_What to work on_.
What you need to produce from the material below is an exact transcription of the lines from the one with "[Infographie] L'importance des" through the one with "世界音楽の祭典 in 浜松 2016", both included, and no other line.

_Material for this exercise_.
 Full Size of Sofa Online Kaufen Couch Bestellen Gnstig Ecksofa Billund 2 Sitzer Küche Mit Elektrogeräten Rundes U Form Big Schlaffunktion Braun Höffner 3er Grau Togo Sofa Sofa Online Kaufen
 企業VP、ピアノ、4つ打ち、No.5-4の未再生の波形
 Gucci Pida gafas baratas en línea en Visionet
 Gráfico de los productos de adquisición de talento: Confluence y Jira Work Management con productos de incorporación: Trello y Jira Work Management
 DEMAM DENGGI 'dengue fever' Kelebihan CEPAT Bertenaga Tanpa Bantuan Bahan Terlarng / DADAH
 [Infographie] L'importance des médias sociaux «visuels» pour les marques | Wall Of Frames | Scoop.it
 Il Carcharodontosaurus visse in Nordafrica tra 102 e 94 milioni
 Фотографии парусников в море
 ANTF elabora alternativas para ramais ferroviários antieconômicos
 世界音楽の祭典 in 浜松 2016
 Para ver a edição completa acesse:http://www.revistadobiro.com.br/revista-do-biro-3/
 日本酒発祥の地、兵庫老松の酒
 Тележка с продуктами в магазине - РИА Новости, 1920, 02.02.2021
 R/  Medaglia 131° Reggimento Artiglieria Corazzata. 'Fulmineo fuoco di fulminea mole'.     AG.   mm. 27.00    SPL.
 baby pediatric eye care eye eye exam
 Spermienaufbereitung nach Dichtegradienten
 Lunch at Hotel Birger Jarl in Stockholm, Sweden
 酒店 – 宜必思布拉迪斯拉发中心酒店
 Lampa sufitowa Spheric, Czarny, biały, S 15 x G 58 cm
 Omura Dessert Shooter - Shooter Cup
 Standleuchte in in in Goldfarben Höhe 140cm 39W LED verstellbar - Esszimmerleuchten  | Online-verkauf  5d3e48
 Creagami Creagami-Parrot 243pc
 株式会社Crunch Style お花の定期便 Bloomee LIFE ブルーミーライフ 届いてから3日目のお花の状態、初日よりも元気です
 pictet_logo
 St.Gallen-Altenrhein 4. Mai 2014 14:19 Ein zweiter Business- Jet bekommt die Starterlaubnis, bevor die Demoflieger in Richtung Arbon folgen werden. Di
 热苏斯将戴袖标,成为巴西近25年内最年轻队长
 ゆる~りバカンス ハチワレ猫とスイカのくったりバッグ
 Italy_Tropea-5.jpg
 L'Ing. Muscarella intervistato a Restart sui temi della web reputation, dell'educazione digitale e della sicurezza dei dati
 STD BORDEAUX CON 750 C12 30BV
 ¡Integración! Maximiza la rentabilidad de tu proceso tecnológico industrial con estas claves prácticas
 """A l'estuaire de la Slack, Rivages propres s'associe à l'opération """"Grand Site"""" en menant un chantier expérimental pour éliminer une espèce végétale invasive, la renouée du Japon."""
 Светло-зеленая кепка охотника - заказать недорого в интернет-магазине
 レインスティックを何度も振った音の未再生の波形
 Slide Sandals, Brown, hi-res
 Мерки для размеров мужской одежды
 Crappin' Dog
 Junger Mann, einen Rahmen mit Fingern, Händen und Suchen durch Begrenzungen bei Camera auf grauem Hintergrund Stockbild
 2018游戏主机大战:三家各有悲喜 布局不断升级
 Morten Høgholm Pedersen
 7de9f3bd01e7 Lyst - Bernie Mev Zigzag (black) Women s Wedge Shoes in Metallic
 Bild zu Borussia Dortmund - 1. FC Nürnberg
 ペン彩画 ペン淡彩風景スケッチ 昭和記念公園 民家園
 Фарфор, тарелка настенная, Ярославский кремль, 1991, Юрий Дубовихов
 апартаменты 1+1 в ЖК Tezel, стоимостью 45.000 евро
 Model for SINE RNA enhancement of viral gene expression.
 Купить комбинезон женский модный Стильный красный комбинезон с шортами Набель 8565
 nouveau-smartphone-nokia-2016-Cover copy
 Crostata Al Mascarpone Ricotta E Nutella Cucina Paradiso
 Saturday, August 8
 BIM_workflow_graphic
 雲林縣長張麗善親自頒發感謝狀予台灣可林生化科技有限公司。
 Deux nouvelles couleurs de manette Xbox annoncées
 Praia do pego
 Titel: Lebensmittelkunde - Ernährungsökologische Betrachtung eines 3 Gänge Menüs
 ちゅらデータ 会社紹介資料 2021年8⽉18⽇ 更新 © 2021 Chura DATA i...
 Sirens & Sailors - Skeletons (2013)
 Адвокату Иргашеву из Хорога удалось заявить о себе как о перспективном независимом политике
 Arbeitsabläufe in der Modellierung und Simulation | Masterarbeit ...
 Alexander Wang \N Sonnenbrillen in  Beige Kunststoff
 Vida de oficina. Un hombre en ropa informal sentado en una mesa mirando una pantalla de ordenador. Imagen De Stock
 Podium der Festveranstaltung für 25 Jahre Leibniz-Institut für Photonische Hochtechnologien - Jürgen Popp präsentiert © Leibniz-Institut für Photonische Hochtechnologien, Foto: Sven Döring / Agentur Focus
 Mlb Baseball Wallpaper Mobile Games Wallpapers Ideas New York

_Answer box_.
 [Infographie] L'importance des médias sociaux «visuels» pour les marques | Wall Of Frames | Scoop.it
 Il Carcharodontosaurus visse in Nordafrica tra 102 e 94 milioni
 Фотографии парусников в море
 ANTF elabora alternativas para ramais ferroviários antieconômicos
 世界音楽の祭典 in 浜松 2016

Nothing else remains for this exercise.